DATA SHOWN:

⁂

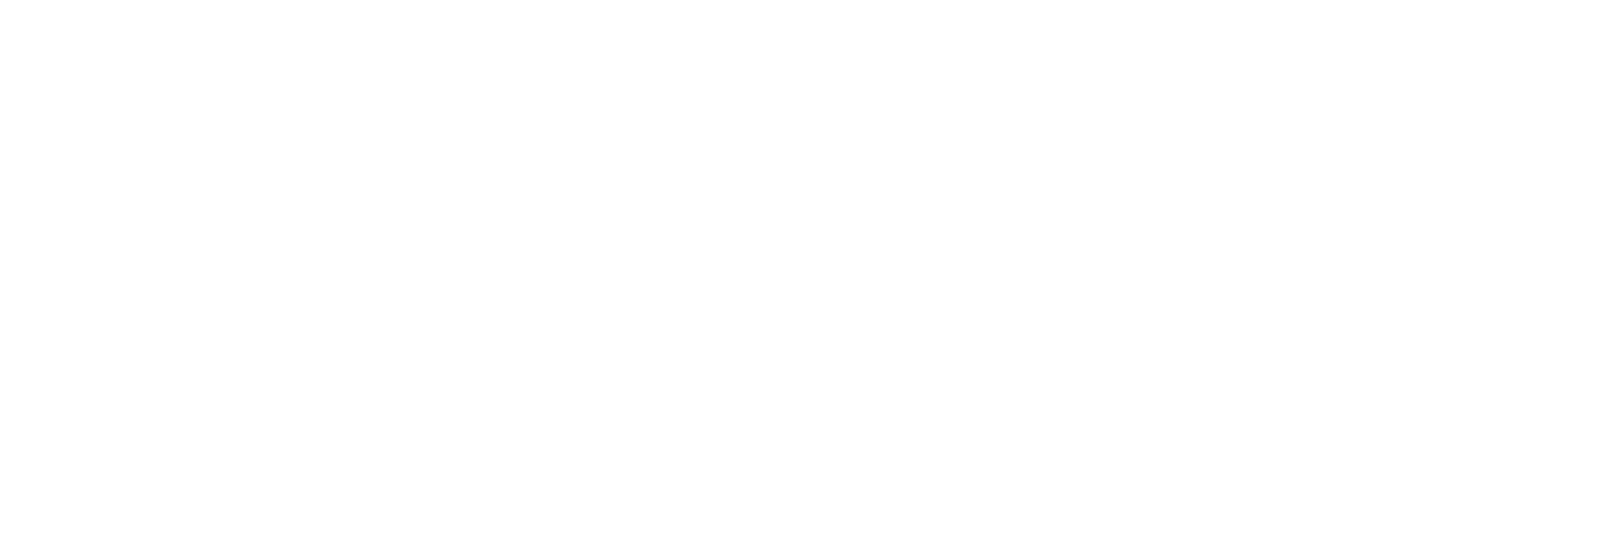 Lenovo Logo Image PNG
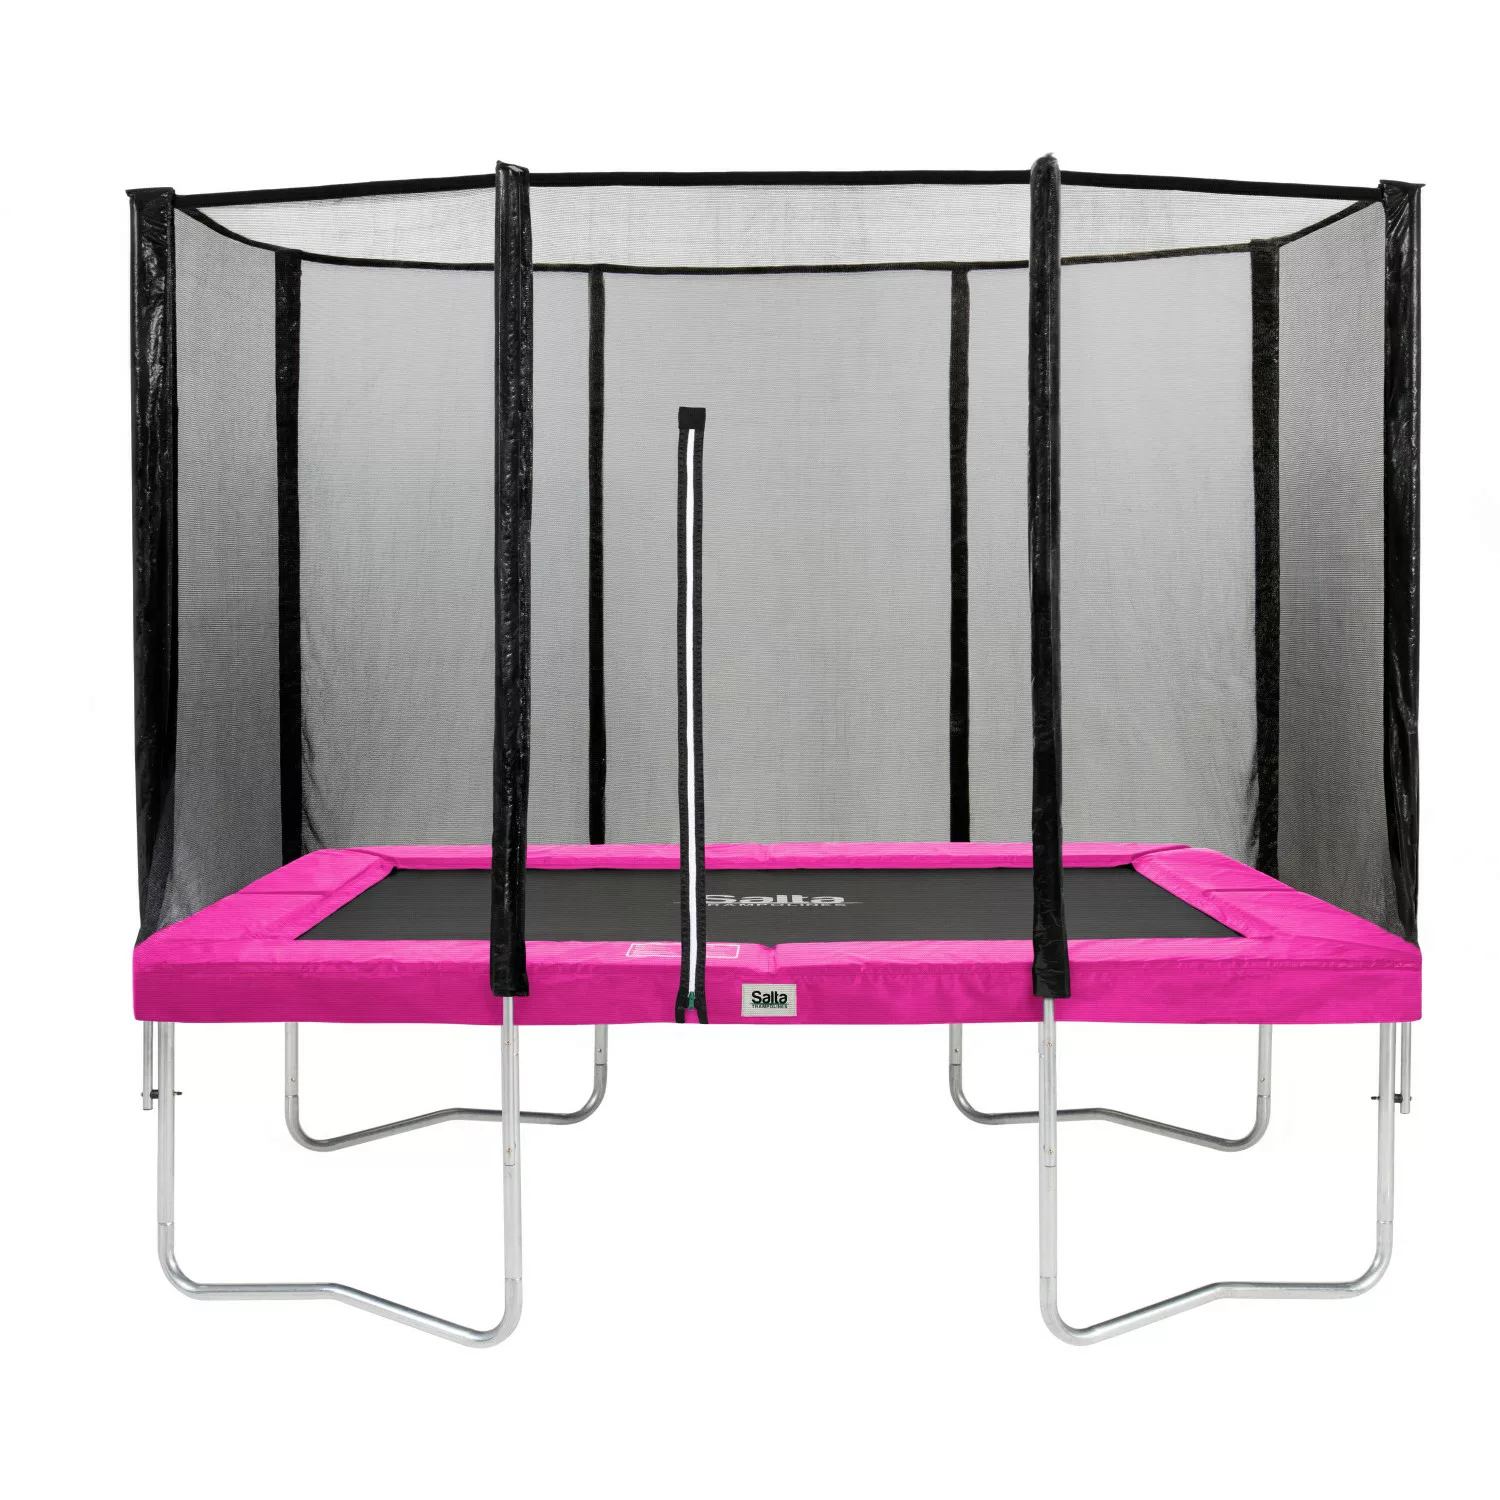 Salta Trampolin Combo 305 x 214 cm Pink günstig online kaufen
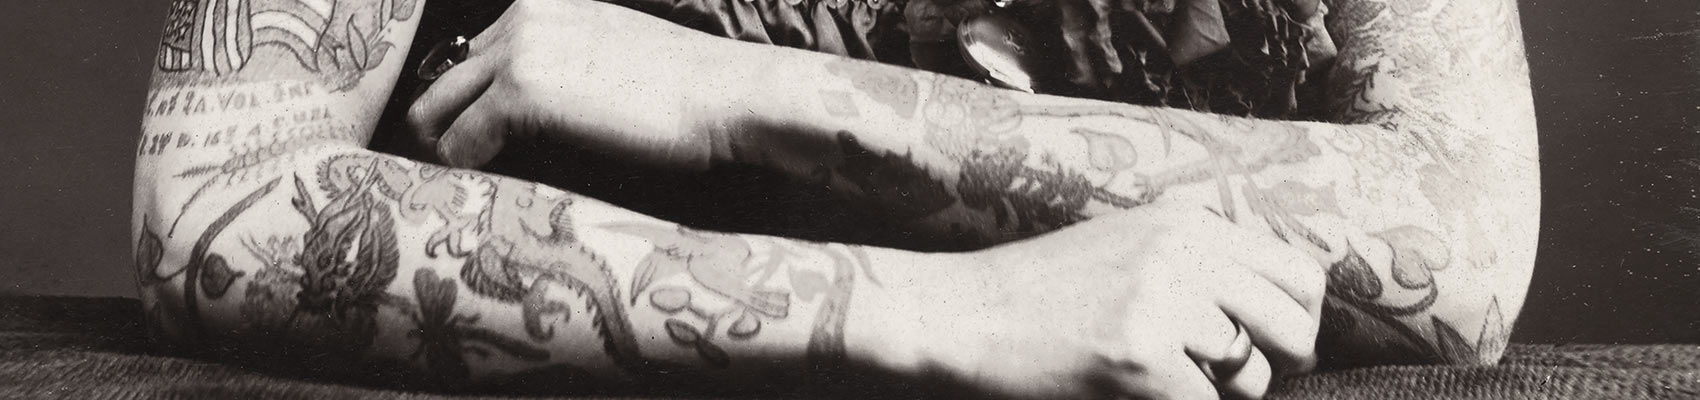 Tattoos auf den Armen einer Frau

⁂

EXERCISE:
Make an exact copy of all the material, but keep the pictures out of it.

YOUR RESPONSE:
 Lenovo Logo Image PNG
 Salta Trampolin Combo 305 x 214 cm Pink günstig online kaufen
 Tattoos auf den Armen einer Frau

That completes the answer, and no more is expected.